San Marino Financial Institutions Face Challenges in Implementing Anti-Money Laundering Measures
Tougher regulations aimed at preventing money laundering and terrorist financing have led to mixed results among San Marino’s financial institutions, as revealed by a recent report. Despite an increase in suspicious transaction reports filed with the Financial Intelligence Agency (FIA), effective implementation of anti-money laundering and combating the financing of terrorism (AML/CFT) requirements remains a significant challenge.

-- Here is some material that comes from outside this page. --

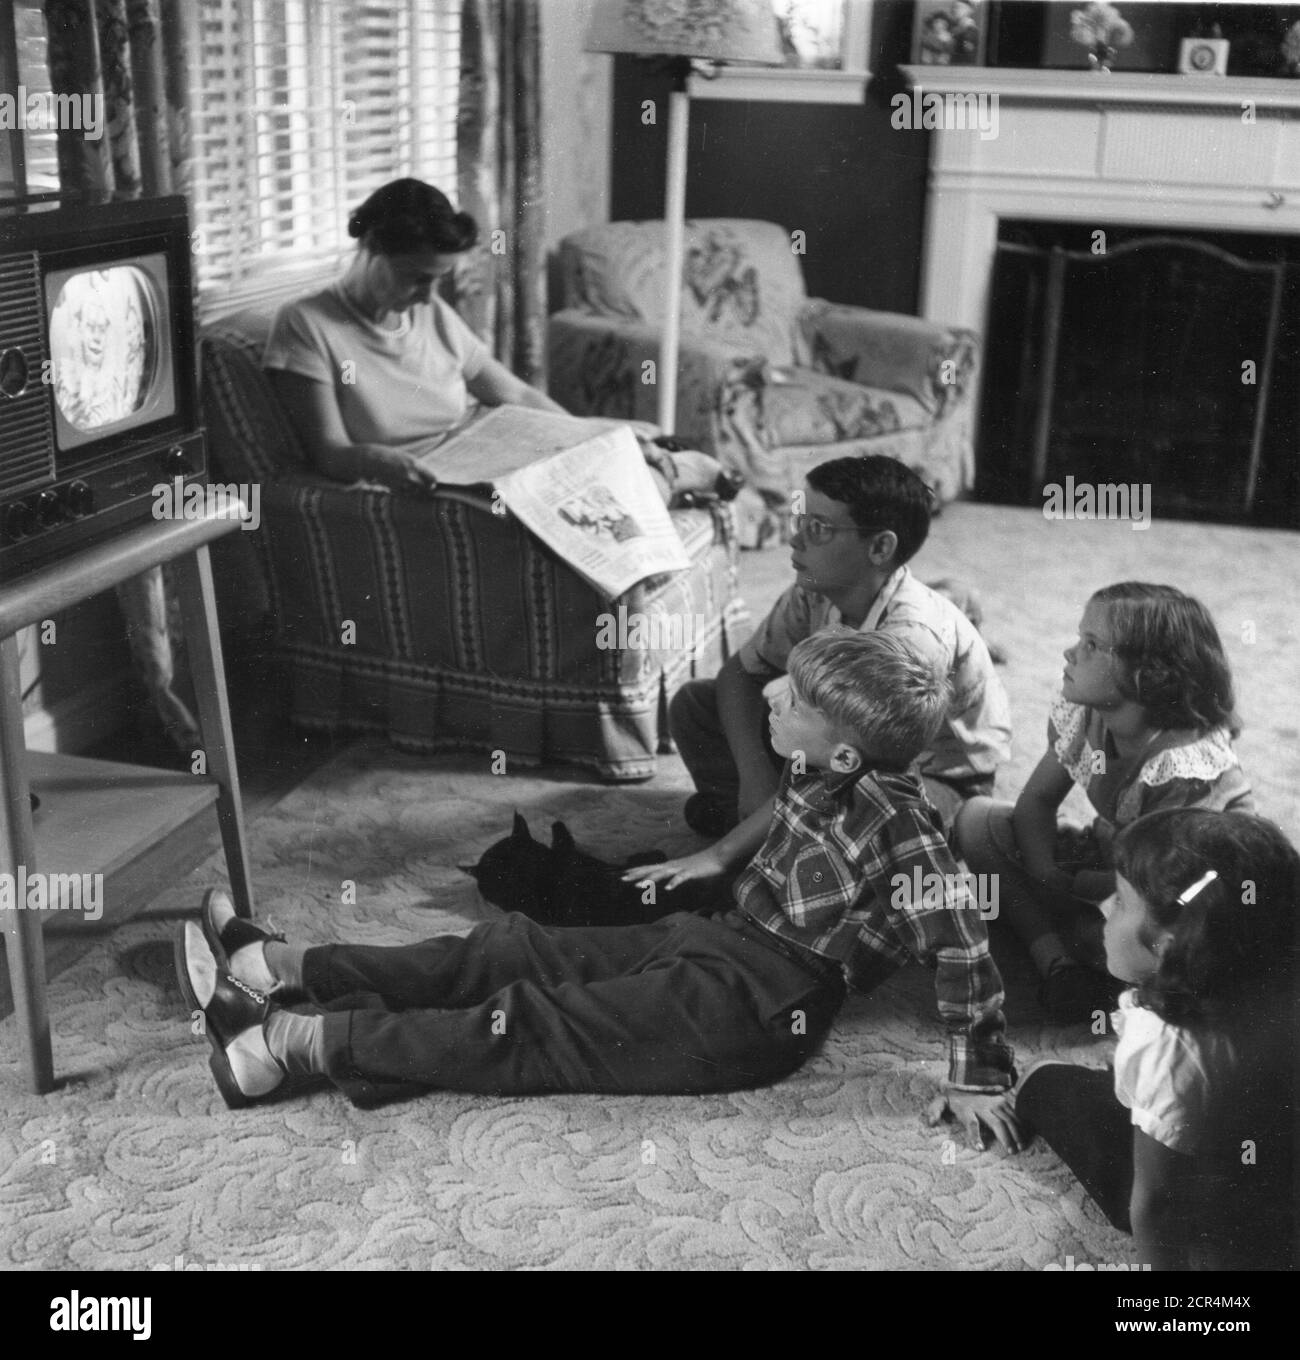 Eine Familie - Mutter, vier Kinder und Haustier - genießen Sie den Fernseher in ihrem Wohnzimmer, Washington, DC, 1955. (Foto von RBM Vintage Images) Stockfoto

Increased Suspicious Transaction Reports
According to data from the FIA, the number of suspicious transaction reports (STRs) received by the agency has increased significantly since 2007. In 2007, 44 STRs were reported, while in 2008, the figure rose to 110. From January 1 to November 6, 2009, the FIA received 190 STRs, with 140 of those coming from commercial banks.
Challenges in Implementing AML/CFT Requirements
However, a closer examination of the data reveals that many financial institutions are still struggling to implement the AML/CFT requirements effectively. The Financial Intelligence Agency has instructed financial institutions to conduct ongoing monitoring of business relationships, but some institutions may be interpreting this instruction too narrowly.
Key Challenges:
- Legacy customers whose relationships were established before current AML/CFT requirements came into effect
- Difficulty in verifying customer identity and source of funds or income
- Inadequate risk-based profiling of clients
Recommendations for Effective Implementation
To effectively implement the AML/CFT requirements, financial institutions must prioritize:
- Customer due diligence: verifying customer identity and source of funds or income
- Ongoing monitoring of business relationships: conducting risk-based profiling of clients and regular reviews of client activities
- Comprehensive information and documents: ensuring accurate and timely information on clients and transactions
Conclusion
In San Marino, where tax evasion is criminalized only when committed with fraudulent means, the authorities must be able to rely on accurate and timely information from financial institutions to effectively tackle financial crimes. The FIA will continue to monitor the situation and provide guidance to financial institutions to ensure that they are meeting their AML/CFT obligations.
By prioritizing customer due diligence and ongoing monitoring of business relationships, San Marino’s financial institutions can effectively implement anti-money laundering measures and combat the financing of terrorism.